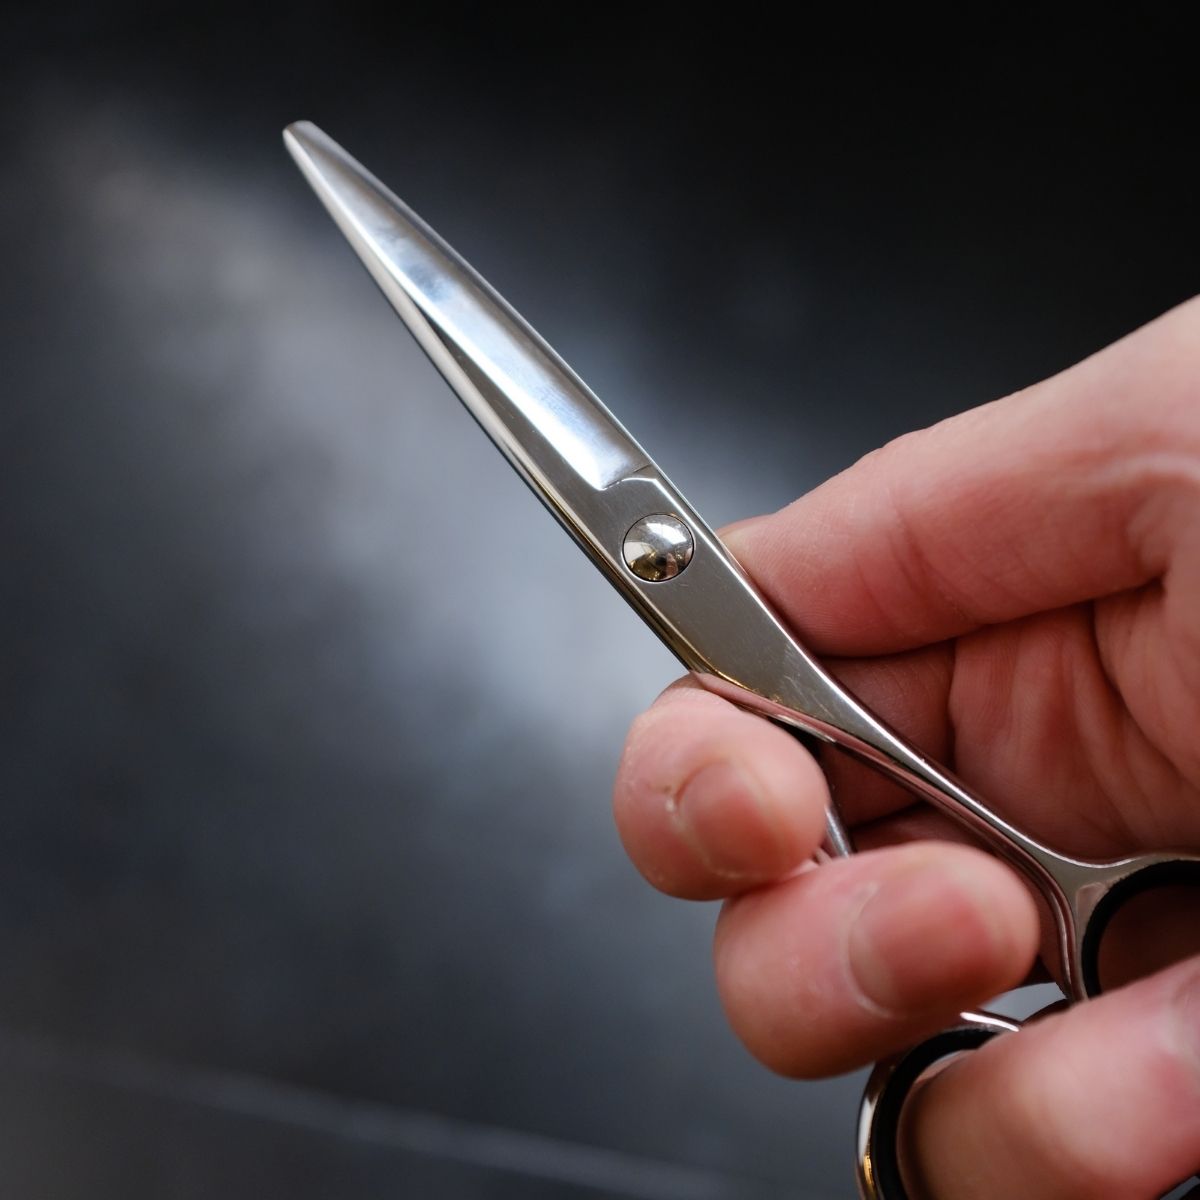 A left handed scissor handle design
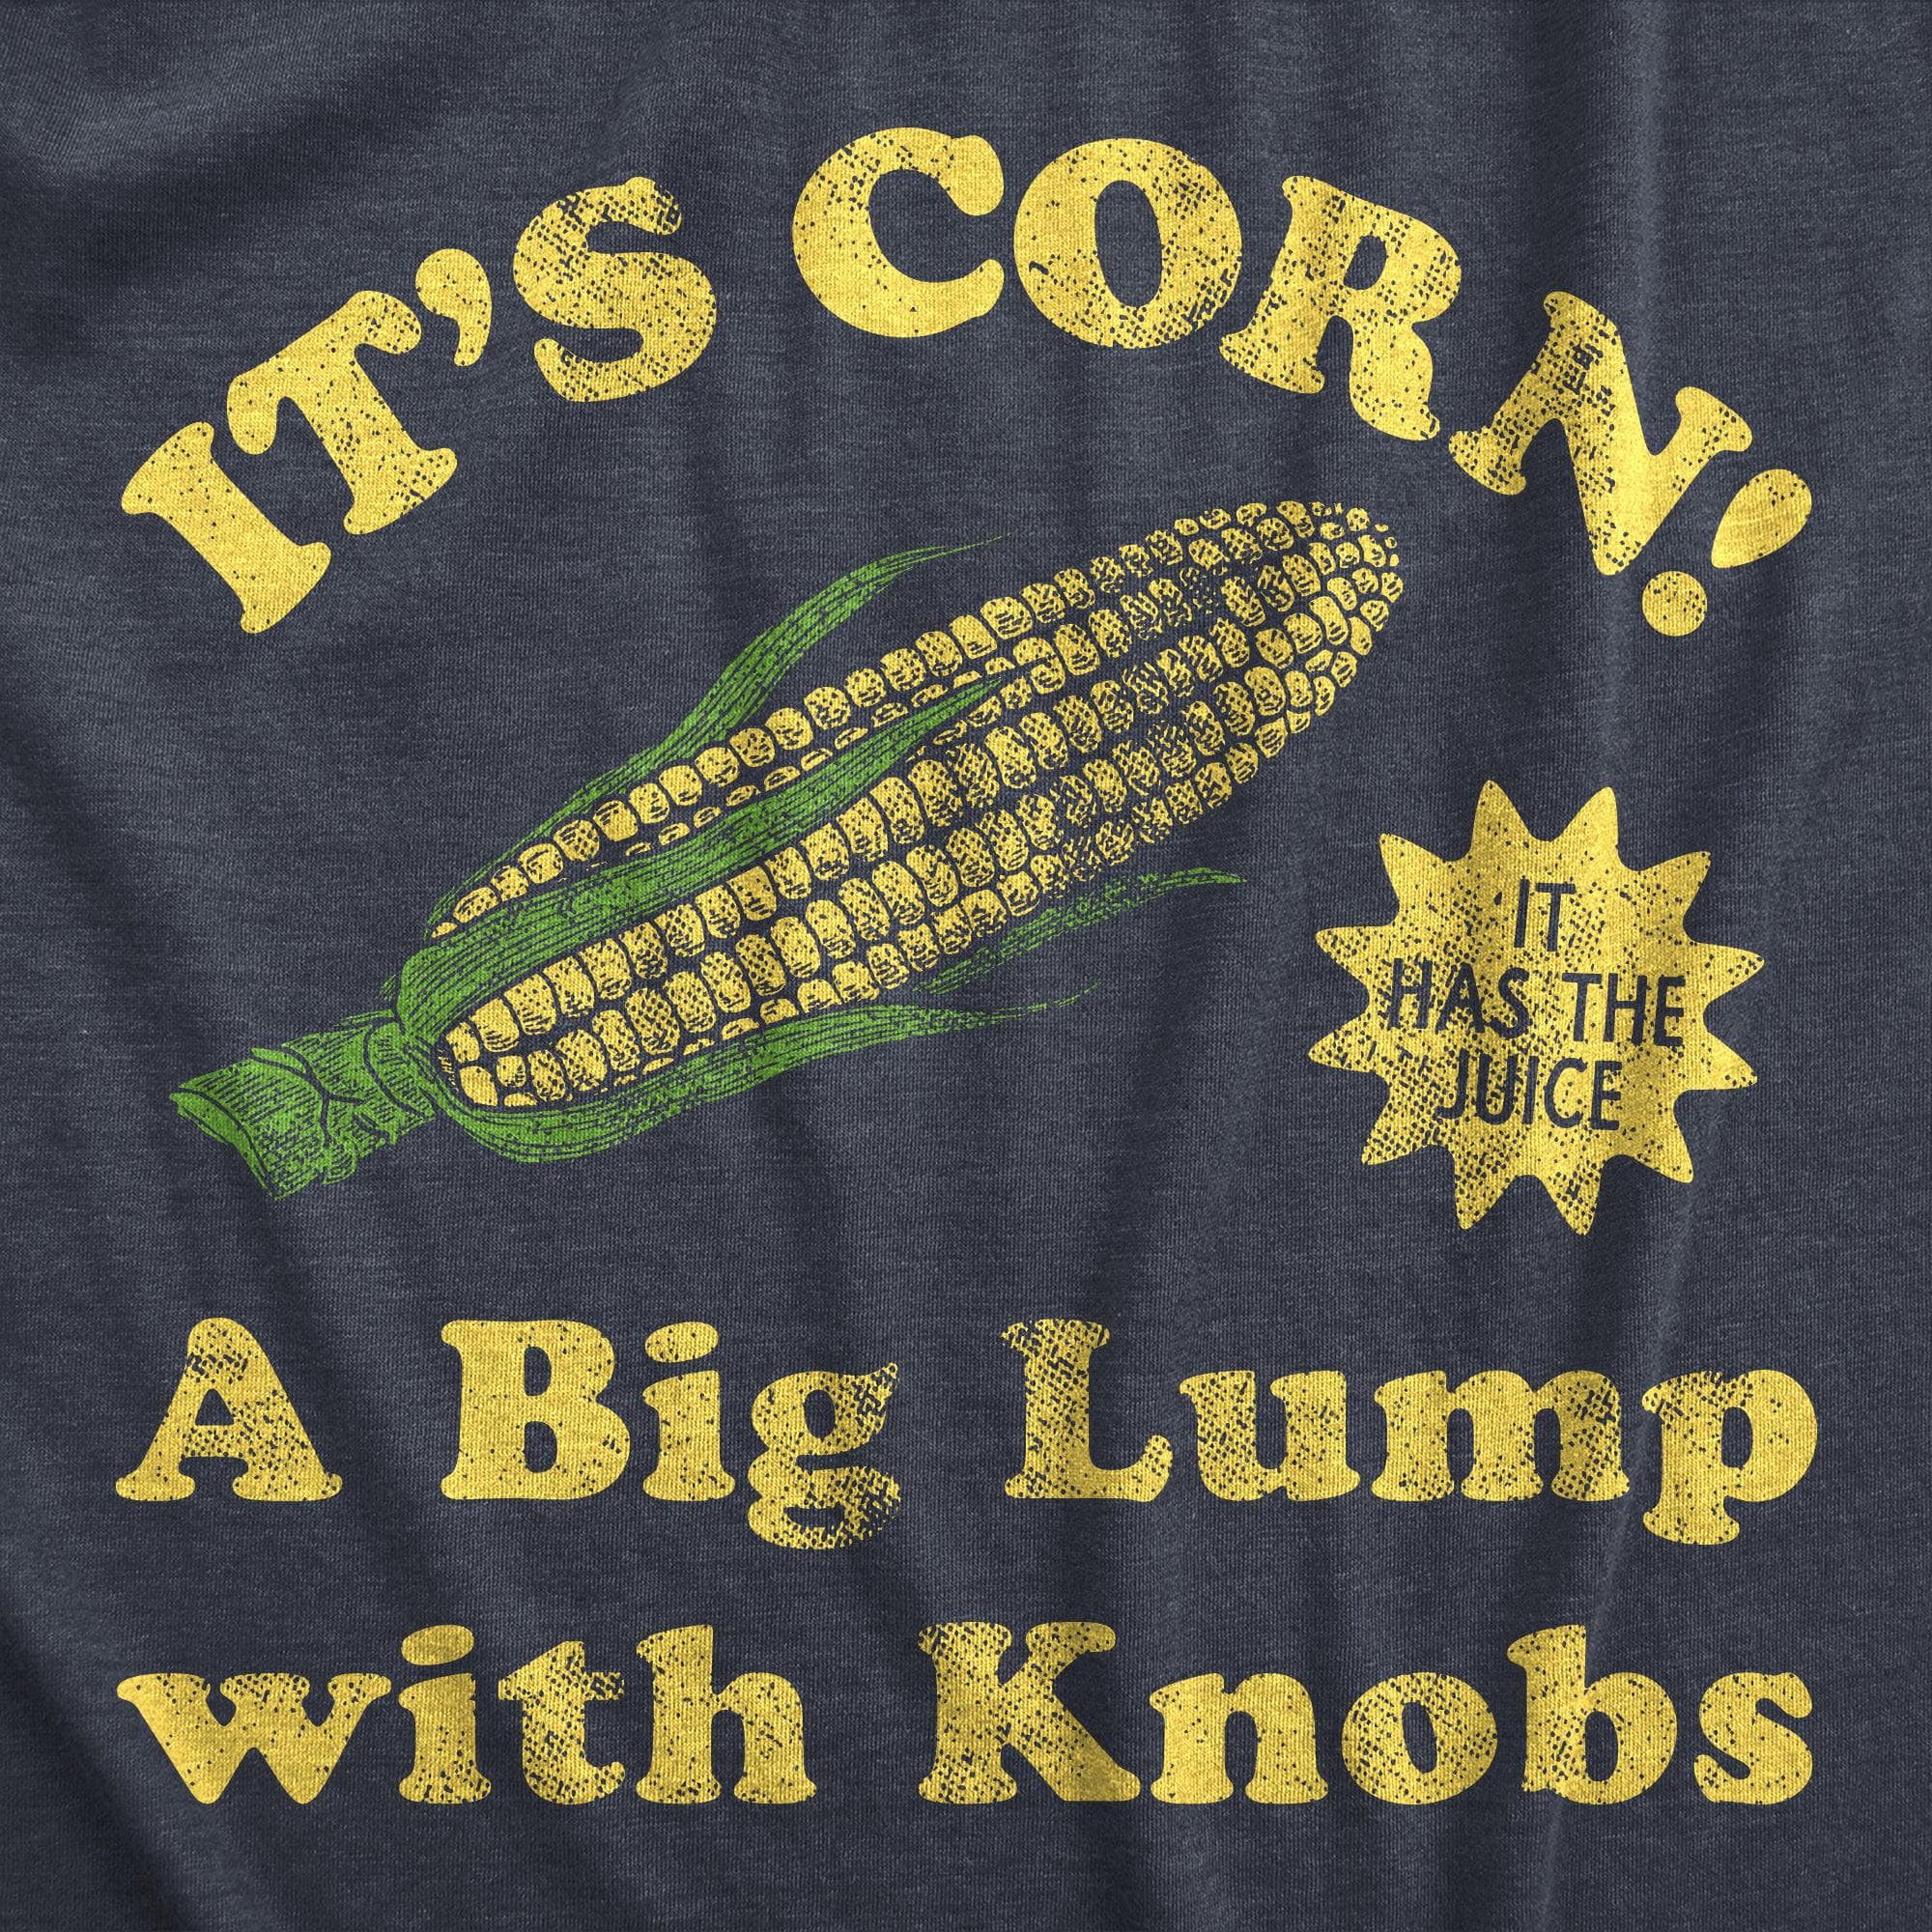 Its Corn A Big Lump With Knobs Men's Tshirt  -  Crazy Dog T-Shirts
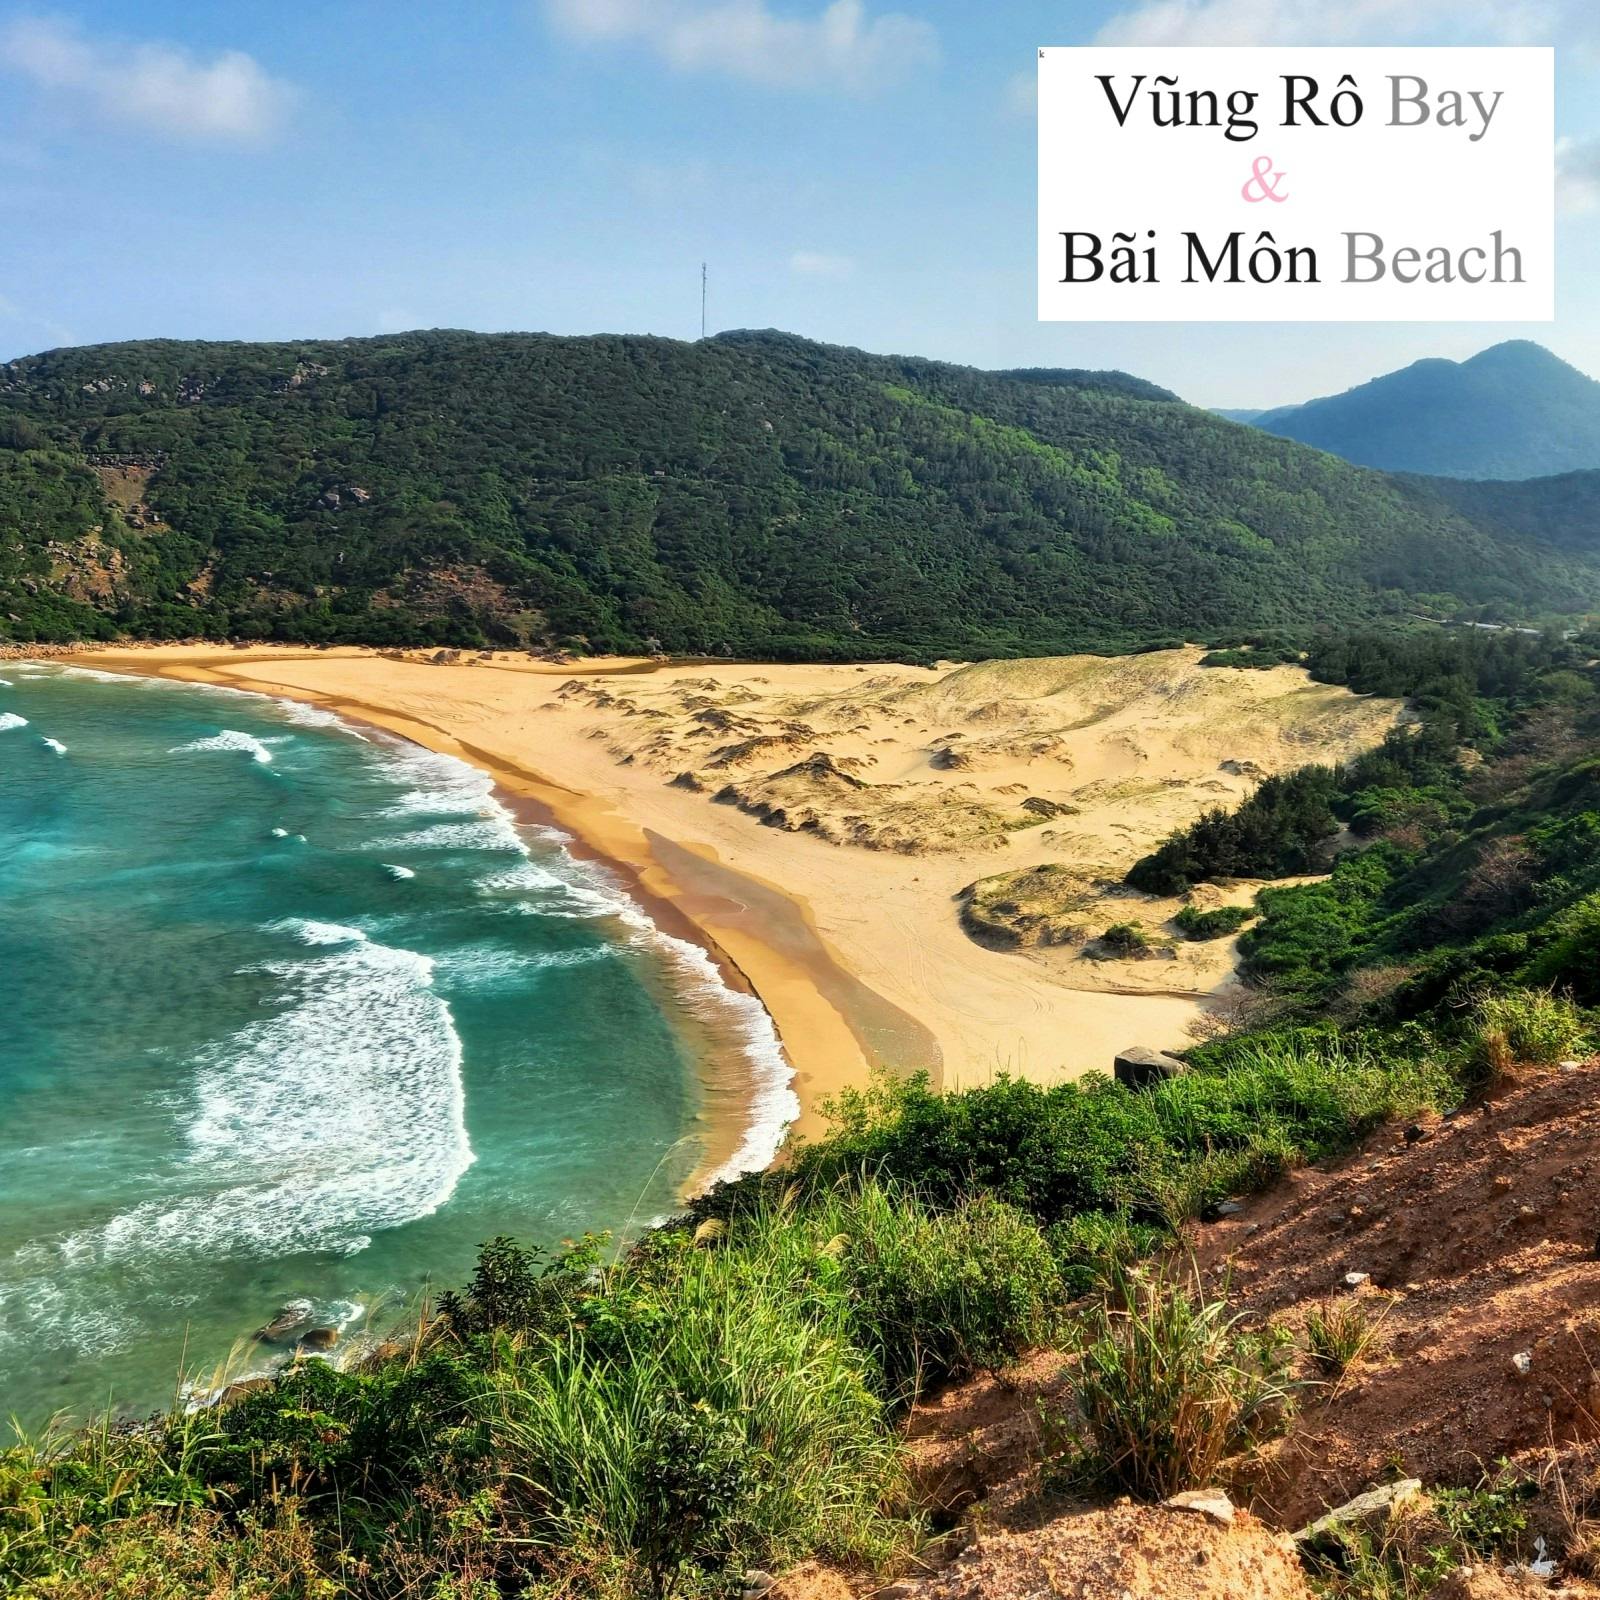 Vung Ro Bay and Bai Mon Beach, Phu Yen, Vietnam
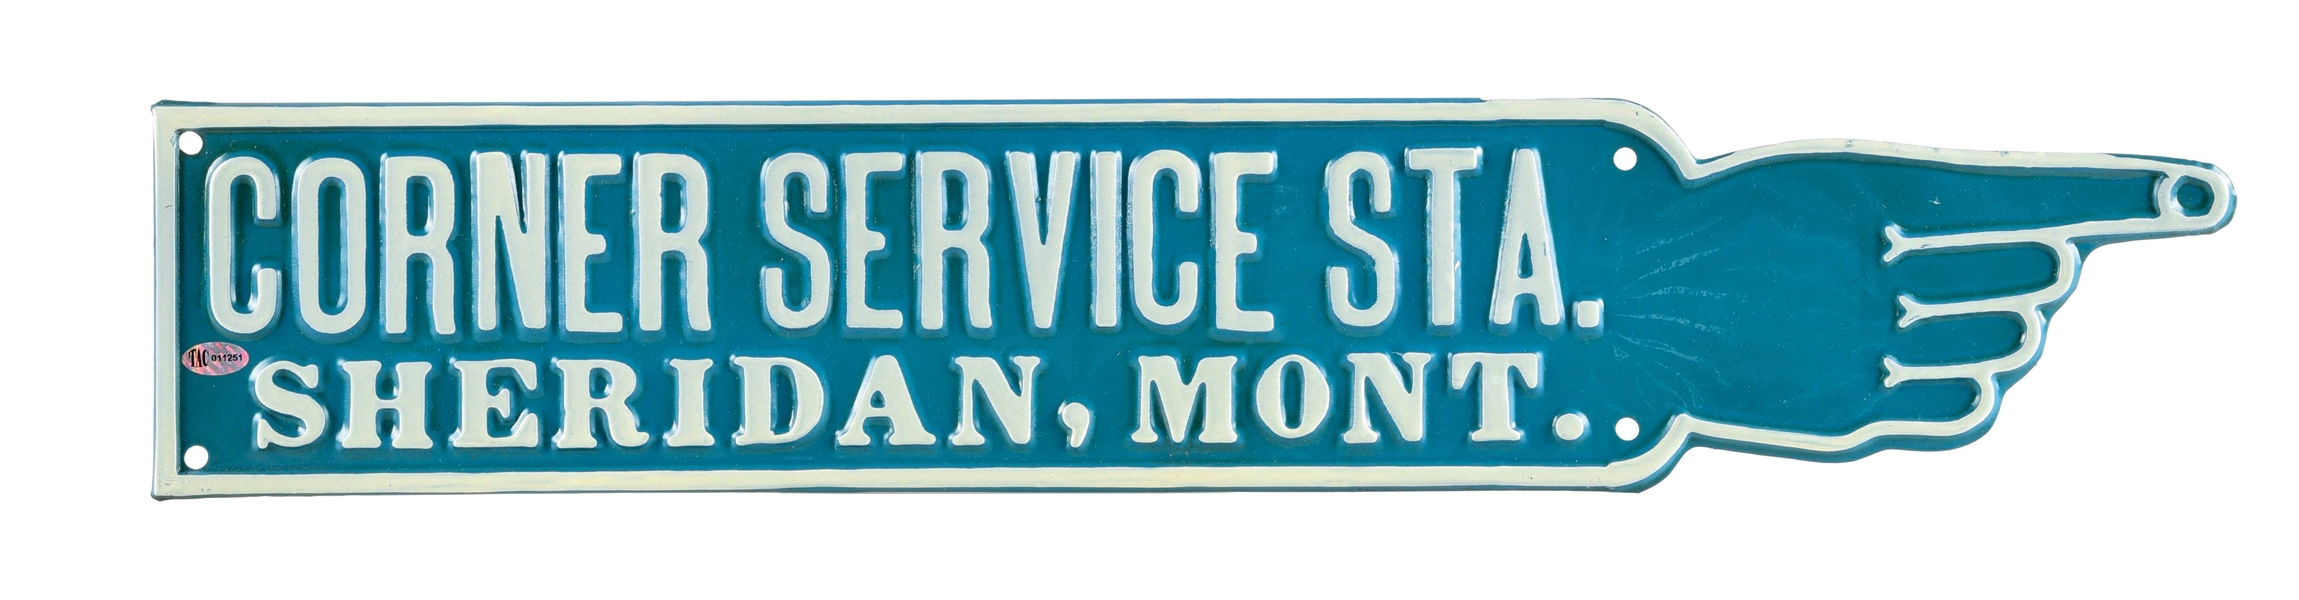 N.O.S. CORNER SERVICE STATION SHERIDAN MONTANA EMBOSSED TIN FINGER POINTER SIGN.

» TASK DESCRIPTION: Each line above is to be duplicated exactly, and the pictures are to be omitted.

» TASK OUTPUT:
 A left handed scissor handle design
 Its Corn A Big Lump With Knobs Men's Tshirt  -  Crazy Dog T-Shirts
 Vung Ro Bay and Bai Mon Beach, Phu Yen, Vietnam
 N.O.S. CORNER SERVICE STATION SHERIDAN MONTANA EMBOSSED TIN FINGER POINTER SIGN.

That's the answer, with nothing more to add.